И все-таки я знал о нем очень мало. Достаточно сказать, что, пока Сергея не арестовали в тридцать пятом году, я мог только строить догадки относительно его происхождения. От прямых разговоров на эту тему он всегда уходил. А когда я однажды спросил у него напрямик, как его отчество, он, несколько замявшись, сказал, что его зовут Сергей Львович, однако тут же заговорил о чем-то, не имеющем никакого касательства к нему. А я без всякой задней мысли тогда же заметил:
- Как интересно - полное совпадение...
Да, о том, что Сергей - сын Троцкого, как-то вовсе не думалось. Весь его облик был настолько далек от всяких ассоциаций с неистовым организатором Красной армии, каковым я привык считать Троцкого с детства, и тем более со злейшим врагом советского народа, каковым его считали вокруг, что в такое почему-то не хотелось верить. Но это было так...
Когда Сергея, после нескольких месяцев содержания на Лубянке выслали в Красноярск на поселение, сестра через какое-то время поехала за ним. Сейчас не скажу, расписались они в загсе уже там или успели зарегистрировать свой брак еще в Москве, ведь Сергею после Лубянки, если не ошибаюсь, предоставили несколько дней на сборы, и уезжал он не этапом, то есть не в «Столыпине», как это стало практиковаться потом, а в обычном пассажирском вагоне. Насколько я помню, его прежняя жена Леля тоже вынуждена была тогда уехать куда-то в Сибирь.
Вспоминая сейчас те времена, я с удивлением констатирую, что арест Сергея, а тем более его высылку я уже тогда воспринимал лишь как прелюдию к куда более суровым испытаниям, на какие были обречены отныне члены нашей семьи. Значит, я уже тогда ничуть не заблуждался относительно жестокости Сталина и отчетливо понимал, что рано или поздно, но с его стороны обязательно последуют в наш адрес тяжкие кары на основе самого дикарского принципа сведения счетов. Принципа родовой мести. Говорю об этом не для того, чтобы похвастать своей прозорливостью, а для того, чтобы подчеркнуть, сколь быстро после убийства Кирова злодейская сущность «отца народов» стала в определенных кругах советского общества непреложной очевидностью. Оказывается, уже в те годы, задолго до разоблачений XX съезда, злобная мстительность виделась неотъемлемым слагаемым сталинского имиджа.
Следует отметить также, что стараниями мощного пропагандистского аппарата имя Троцкого уже приобрело к тому времени сатанинское звучание, и всякая причастность к этому имени не только вызывала у советских обывателей священный испуг, но и побуждала их- у страха глаза велики - мигом сигнализировать куда надо, не скупясь на всевозможные измышления. Вот почему в создавшейся ситуации я боялся не столько даже органов, которым и без того все было известно о наших обстоятельствах, сколько возбужденной людской молвы, могущей навредить нам самым неожиданным образом.

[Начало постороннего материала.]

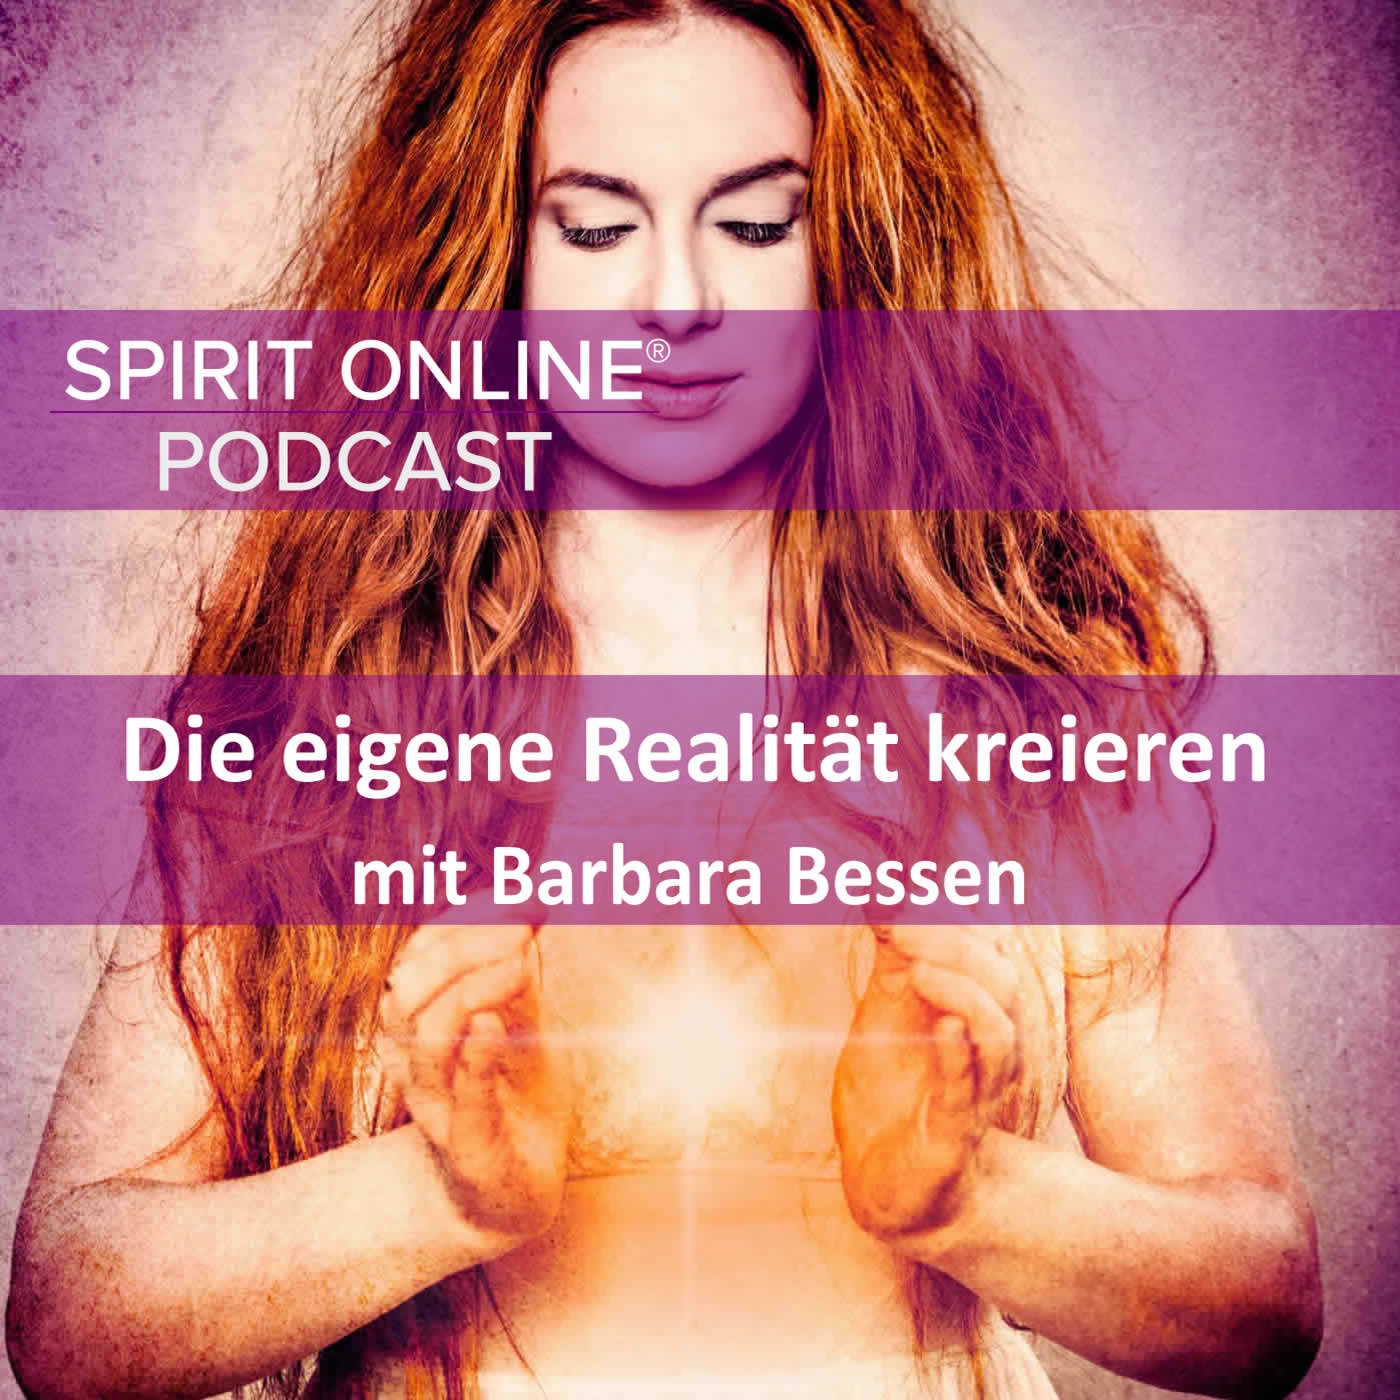 Mit dem Göttlichen die eigene Realität kreieren Podcast mit Barbara Bessen

Однако избежать толков почти не представлялось возможным. У меня, да и у сестры был достаточно широкий круг знакомых, так или иначе посвященных в ее новое замужество и ее добровольный отъезд. Сенсационность подобного факта делала самых замкнутых людей у меня за спиной необычайно словоохотливыми, а при встрече со мной - необычайно любопытными. Все они жаждали узнать как можно больше подробностей такого интересного, почти беллетристического сюжета.
В Красноярске Сергею дали прожить всего лишь год или чуть больше. Внезапно его снова схватили, и после недолгого содержания в местной пересыльной тюрьме он был увезен в неизвестном направлении. К тому времени сестра уже была на сносях, и ей ничего другого не оставалось, как вернуться в Москву, на Маросейку, где она вскоре родила девочку, нареченную Юлией.
Создавшаяся ситуация толкнула меня на решительный шаг. Раньше я никак не мог отважиться на подобную перемену, хотя она назрела давно. Но осенью тридцать шестого года я наконец твердо решил поступить в Литературный институт, с тем чтобы. в ближайшем будущем покончить с архитектурным поприщем, а тем самым не только сменить профессию, но и кардинально изменить свое окружение. Начать новую жизнь во всех отношениях. Разумеется, заполняя анкету при поступлении в институт, я не был излишне многословен.
Знакомые и даже друзья посещали теперь наш дом все реже и реже. А потом и вовсе стали обходить его стороной, словно он был зачумленным. Что ж, у них для этого были все основания. Никогда не забуду то январское утро тридцать седьмого года, когда, идя на работу, я купил в киоске на углу Кузнецкого и Рождественки «Правду» и мне сразу бросился в глаза крупный заголовок на ее полосе: «Сын Троцкого Сергей Седов пытался отравить рабочих». Там же, у киоска, я мигом пробежал глазами всю эту повергшую меня в ужас корреспонденцию из Красноярска, полную чудовищных измышлений, тем более страшных, что в них совершенно невозможно было поверить.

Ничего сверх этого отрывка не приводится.